# eating in the crate



## maple (Jul 22, 2010)

Hi everyone,

We brought our vizsla home today, and I know (and have been told by many) that a fussy eater within the first few days is especially normal. I just wanted to see what everyone else did the first time they brought their new V home. After we brought her home from the breeder, we tried feeding her dinner in a bowl in her crate. This was an hour or so after she got acquainted with the place, met a few people, sniffed, jumped, and ran and played with every new person she saw. There were no troubles breaking her in, and she even whined when it was time for her to go pee. No problems at all in the house! Anyway, when I tried putting her bowl in the crate, all she did was cry. I have heard that we are suppose to be strict with eating meals ONLY in the crate, however since she is only a pup I didn't want her to miss a meal. After 15 minutes of whining in the crate and no eating I just took her outside to go pee. When I tried laying down a bit of her food on the floor, she ate it right away with no problems. What should I do? Maintain a strict plan of only allowing her to eat in her crate (and if she doesn't eat within that 15 minutes then take her out), or putting a bowl of her food outside it and allowing her to eat when she's hungry.

I'd appreciate any advice for this adorable little creature! I've only had her for a day but she couldn't be more perfect and well behaved!


----------



## Mercutio (Jan 18, 2010)

This might sound a bit nuts, why don't you try laying out a trail of food on the floor leading into the crate? You want her to be happy eating in the crate and you want her to associate the crate with food but you obviously don't want her to go hungry because she is stressed about going in the crate. We didn't crate train so i'm not speaking from experience.


----------



## gunnr (Aug 14, 2009)

Maple

Unless there is a very compelling reason for needing to have her eat in her crate, I would kinda sweep that practice to the side. 
As a new puppy, I'm assuming 7-10 weeks old, she needs to eat. First and foremost of her immediate needs are access to water at all times practical and a healthy diet.
Until Tika came along, I have always allowed my dogs to self regulate their food. In other words, the food bowl was always available and full of food. It was this way for 20 something years. Tika tends to overeat, so the food has to be regulated.
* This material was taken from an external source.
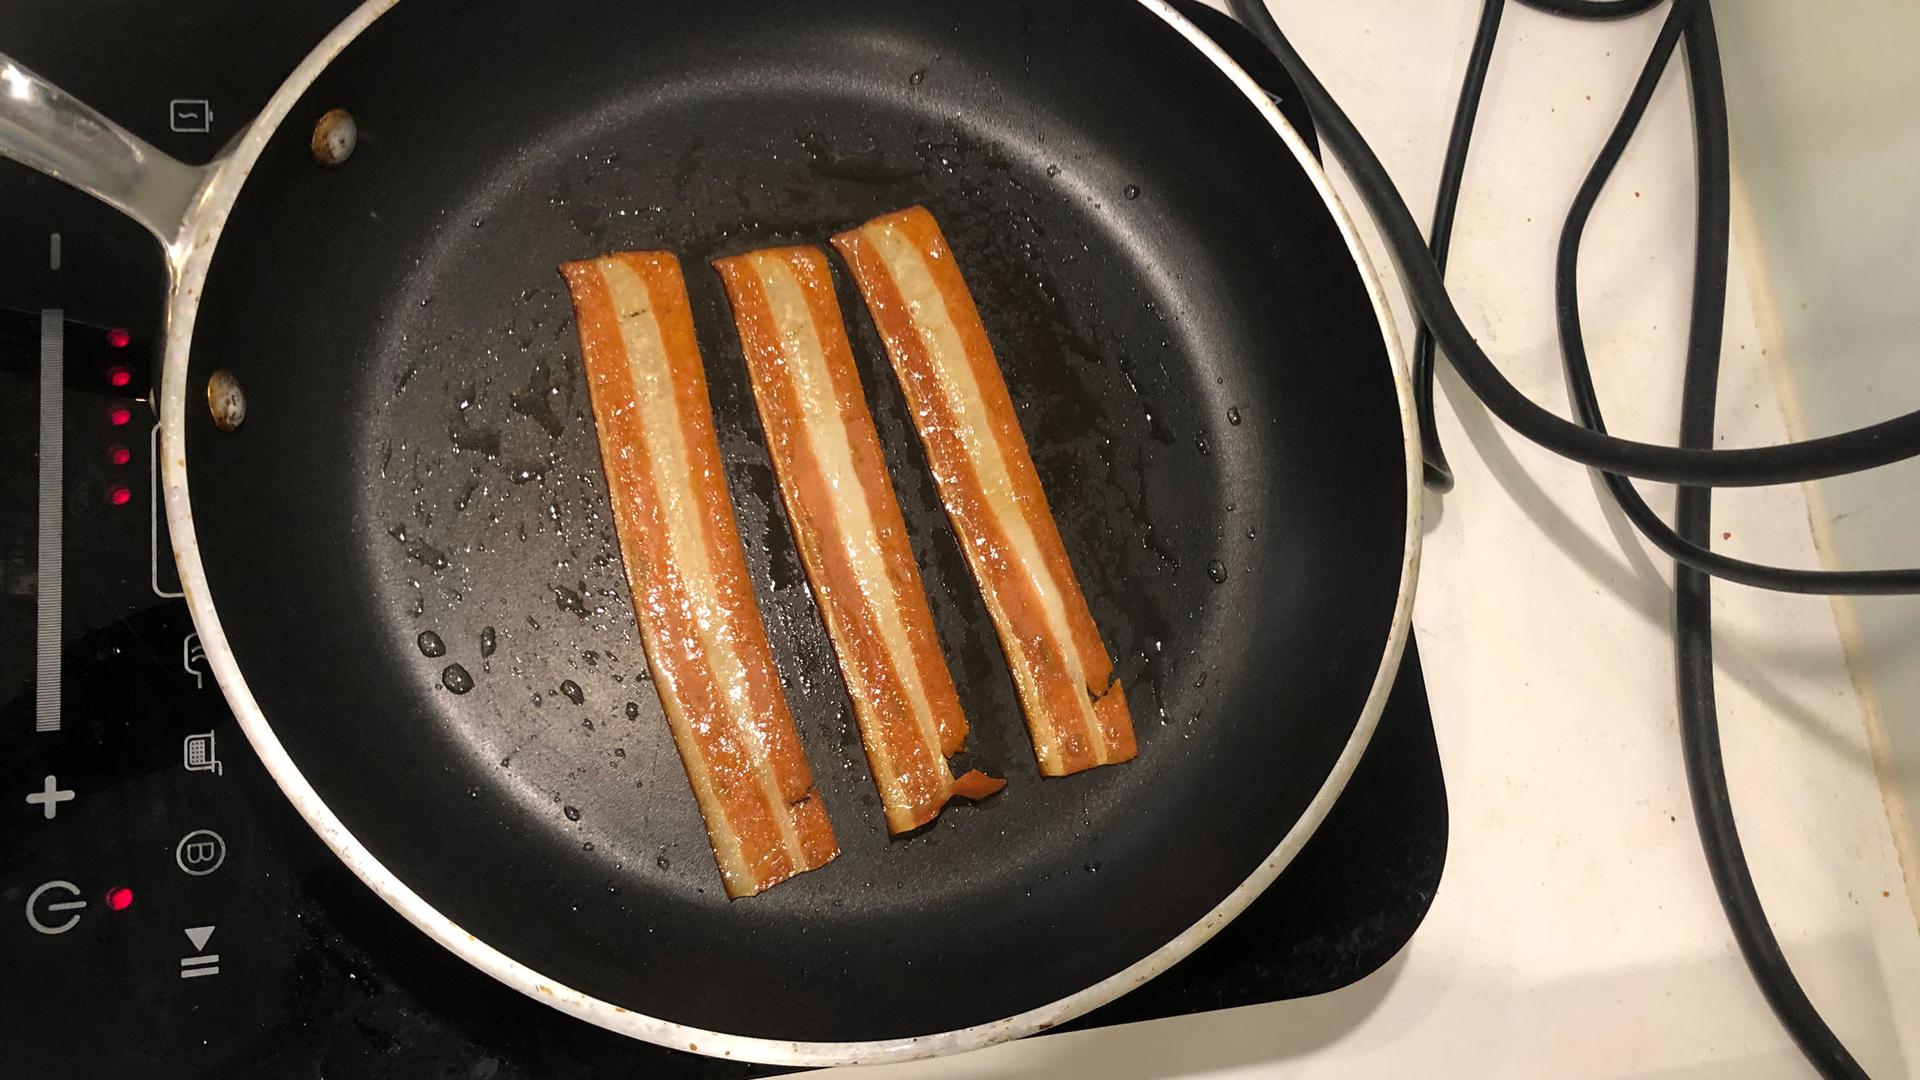 In a hot pan, the streaky bacon made by La Vie starts curling within minutes, bubbling and crisping…just like, well, bacon.

Pudgy, but not fat, puppies are healthy puppies. Let her eat on her terms for the first few week/months.


----------



## maple (Jul 22, 2010)

Our breeder emphasized only and always feeding the vizsla when they are in their crate. THey also told us (and it's on their website) to remove all uneaten food after 15 minutes. They said the crate door should be closed during feeding, and their water to be left outside the crate. If the pup does not eat it, take it away until next regular feeding and then offer it again (not too sure if I agree with this though).

The breeder also said to never get into the habit of free feeding the dog (...I have always had labradors, and they've eaten their food right away so Im really not use to having a picky eater for a puppy). She said that feeding in the crate helps reinforce the idea that the crate is a "good" place.

Anyway...since I've always had labradors I'm really not use to a bowl of food not being eaten within a minute. This morning was a lot better...I did trail food into her crate and she ate the food while standing half in the crate. According to our breeder, this would probably be unsuccessful, but whatever. I definitely don't agree with taking her food away if she hasn't eaten it since she is only a puppy and these next few weeks are crucial to her health and development. Has anyone on here stuck to crate training since their V's were pups? My boyfriend really wants to stick with this type of training, but I'm really having a tough time agreeing with it. And I'm definitely not going to deprive her of her food at this point in time.


----------



## florencebear (Aug 3, 2010)

Hello Maple

Our pup is now four months old and from the start she has spent time during the day in her crate when we couldn't supervise her. She is also put in her crate when she needs "time out", and she sleeps happily there all through the night. However, we have never fed her in there - to be honest I didn't realise that this was part of "crate training". When we first had her it took a good week before she would eat very much. Our breeder told us to give her pretty much anything in the early days to make her food more tempting. Now she eats plain, dry kibble very happily, with perhaps the occasional raw egg on top. The breeder also practices free feeding - but that is with five adult dogs - so maybe it's rather different. Like you, we have always been used to greedy dogs who wolfed down their food immediately, Vs do seem to be a little picky!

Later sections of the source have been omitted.